= In a Good Cause— =

1951 short story by Isaac Asimov

"In a Good Cause—" is a science fiction short story by American writer Isaac Asimov. The story first appeared in a 1951 edition of the anthology New Tales of Space and Time and was reprinted in the collection Nightfall and Other Stories (1969).

The book begins with the description of a statue containing three dates and an epigram: "In a good cause, there are no failures. There are only delayed successes." This is followed by a section for each of the three dates.

==Plot summary==
The story opens with a description of a statue on the grounds of the United Worlds organization raised to Richard "Dick" Altmayer. It displays a quote and three dates, which correspond to the three days upon which he was arrested for crimes motivated by his beliefs. The first is in the year 2755 of the "Atomic Era" (corresponding to 4700 AD in Asimovean chronology). In each case the public is initially outraged by his action but ultimately considers him a hero.

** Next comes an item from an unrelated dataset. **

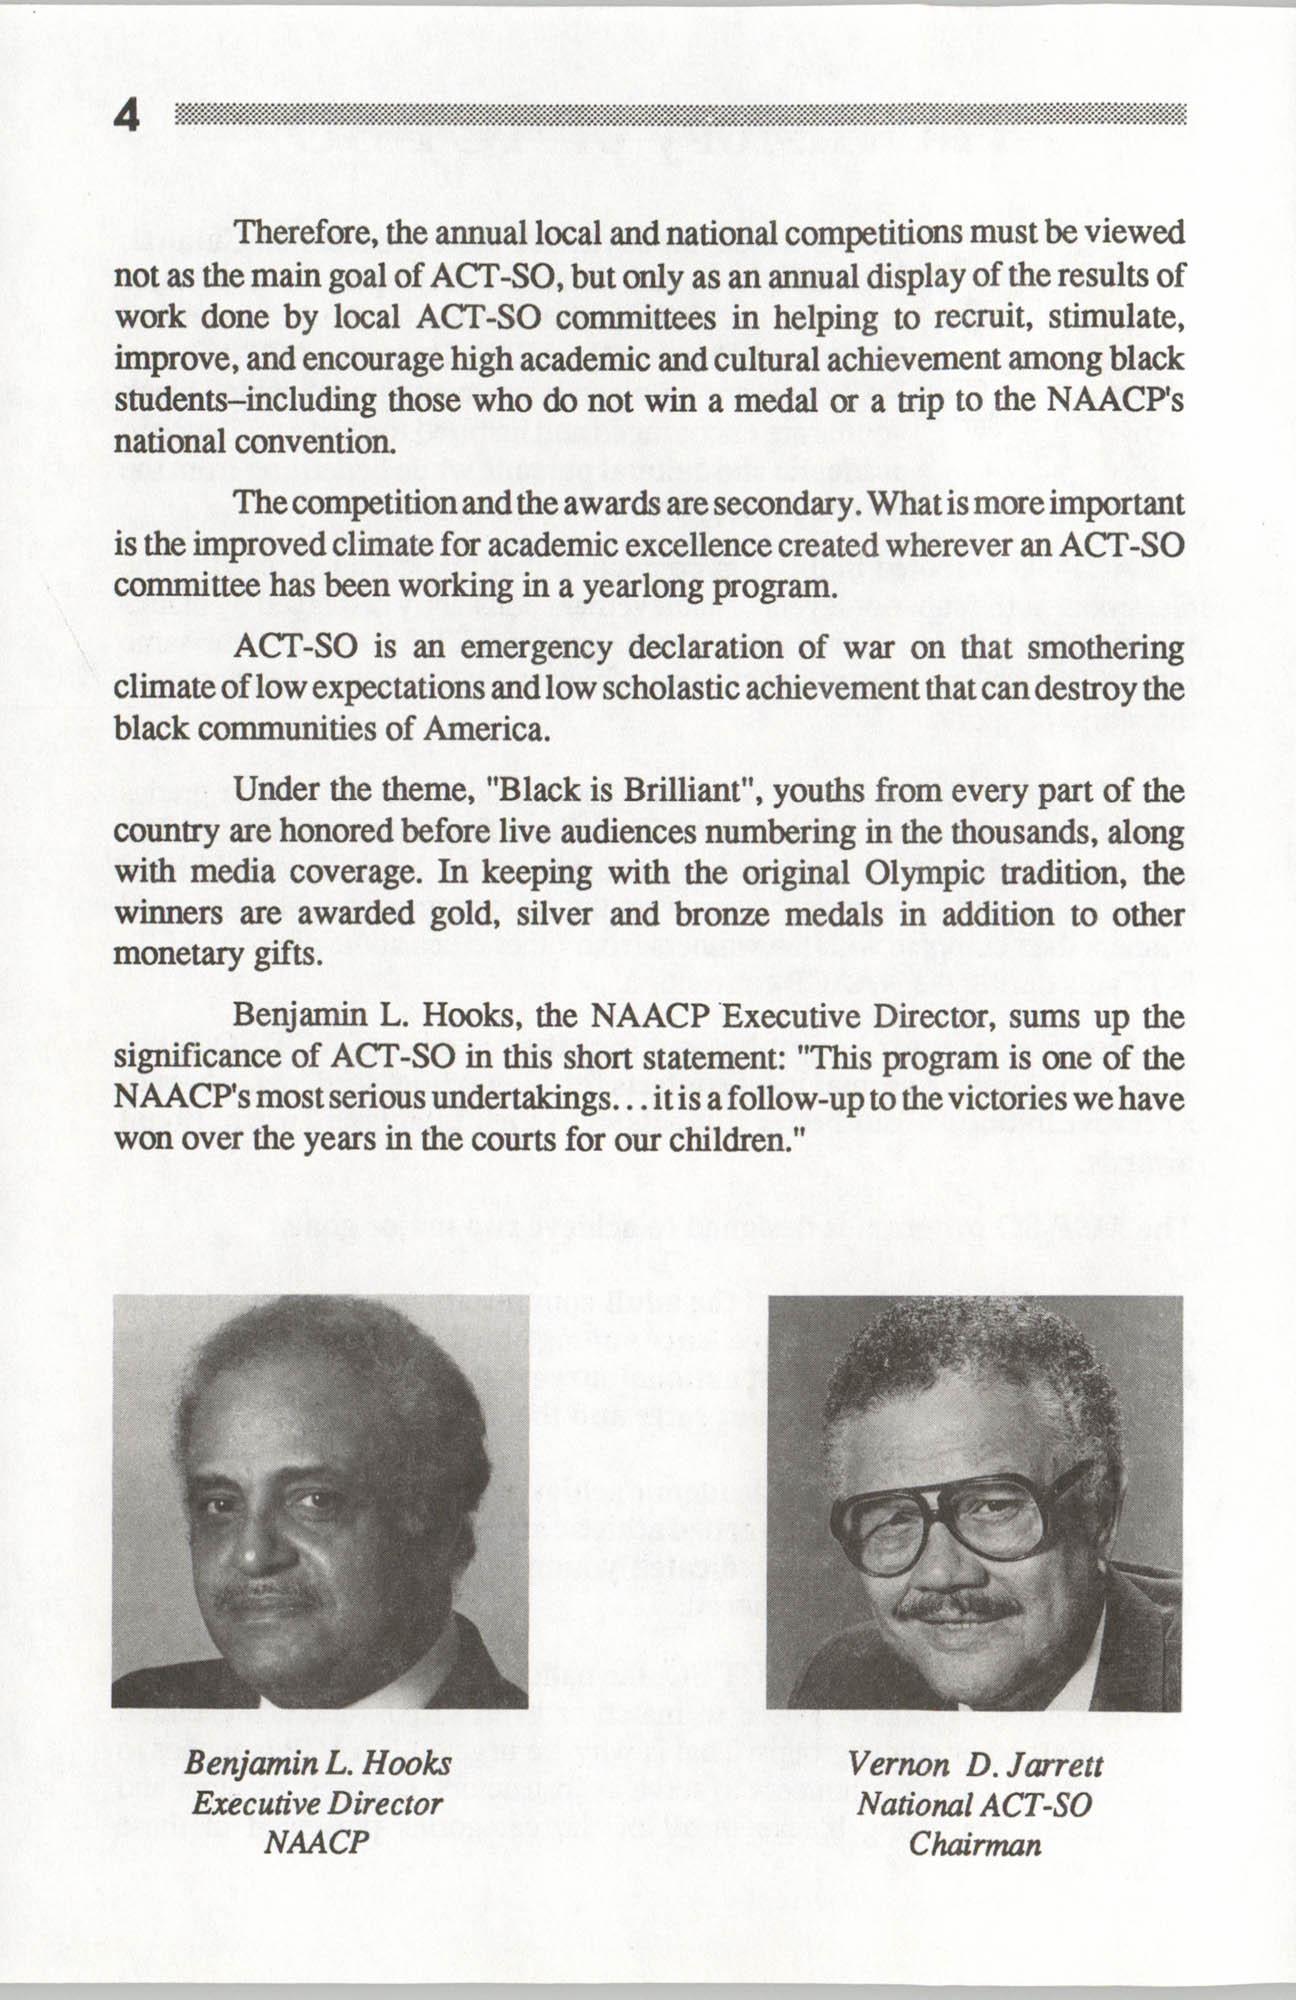 Brochure, ACT-SO Program, NAACP, 1992, Page 4
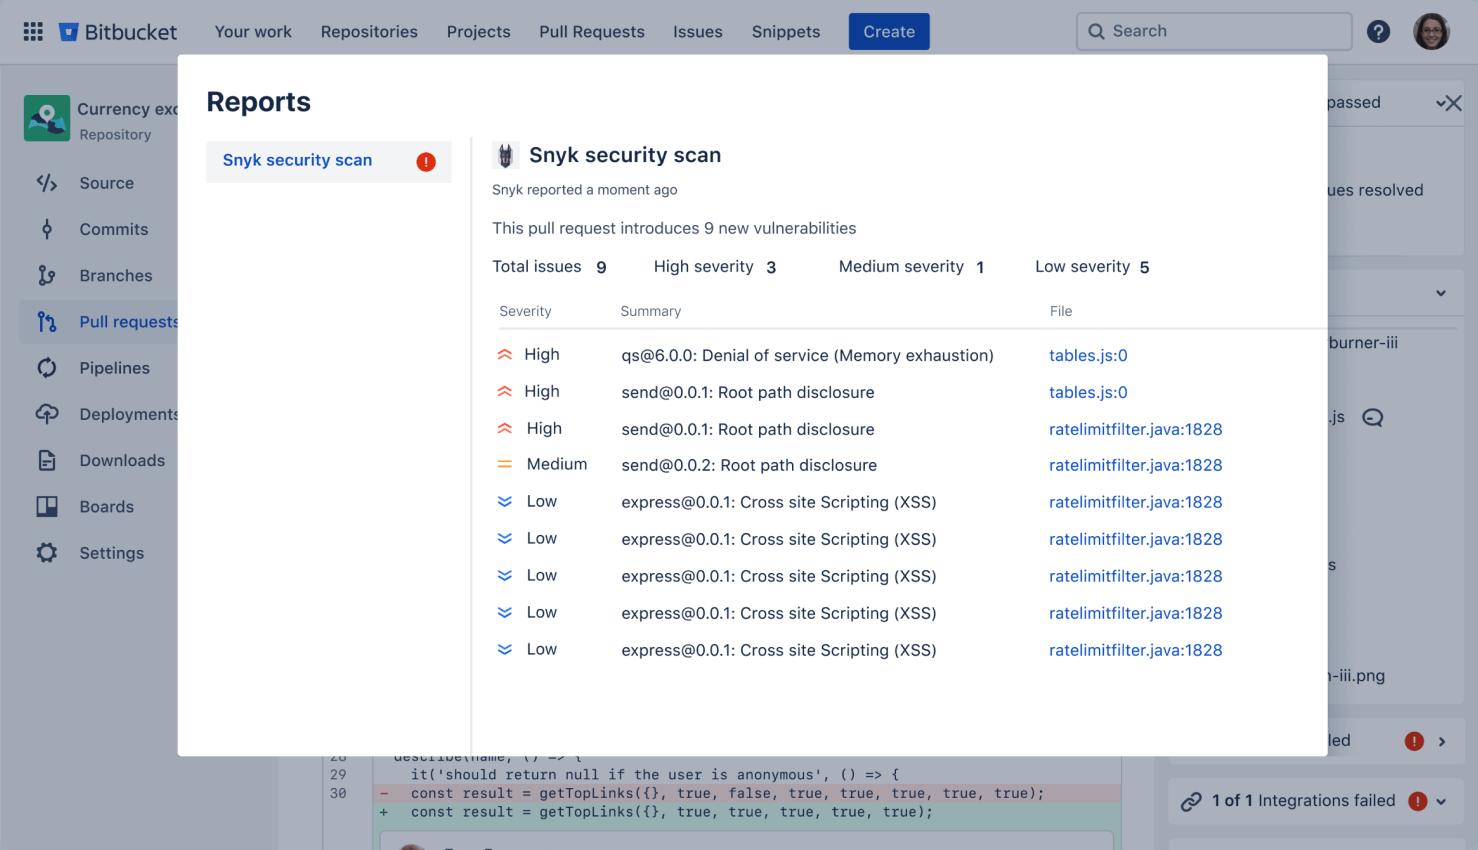 Branch permissions screen

Altmayer and his friend Geoffrey Stock have opposing positions when conscripted into military service for a war between human-occupied star systems. Stock willingly reports for military duty, whilst Altmayer protests, believing that the various interstellar nations of humanity should be united against the Diaboli, an intelligent non-human race that also occupies several planetary systems in the galaxy.

Over a 45-year period, Stock reaches high military rank and then political office, whilst Altmayer is imprisoned and kept under house arrest several times for his radical idealism. He starts political parties and protest movements, all of which fail to achieve their objectives of uniting humanity.

Ultimately, Altmayer's desire for a united humanity is achieved after a war against the Diaboli. This unity, however, has been realised only through Stock's political manipulations rather than Altmayer's idealistic actions. Stock asks his one-time friend to be one of the delegates from Earth to a peace conference, but realizes that history will not record his own participation in the unification of humanity, but will instead vilify him as a cruel and short-sighted politician.

==Notes==
Asimov said that although stories usually depict their authors' opinions, "this particular story ... doesn't quite reflect my own feelings. Groff Conklin ... once said that he liked this story, even though he disagreed with its philosophy, and to my embarrassment, I find that that is exactly how I myself feel".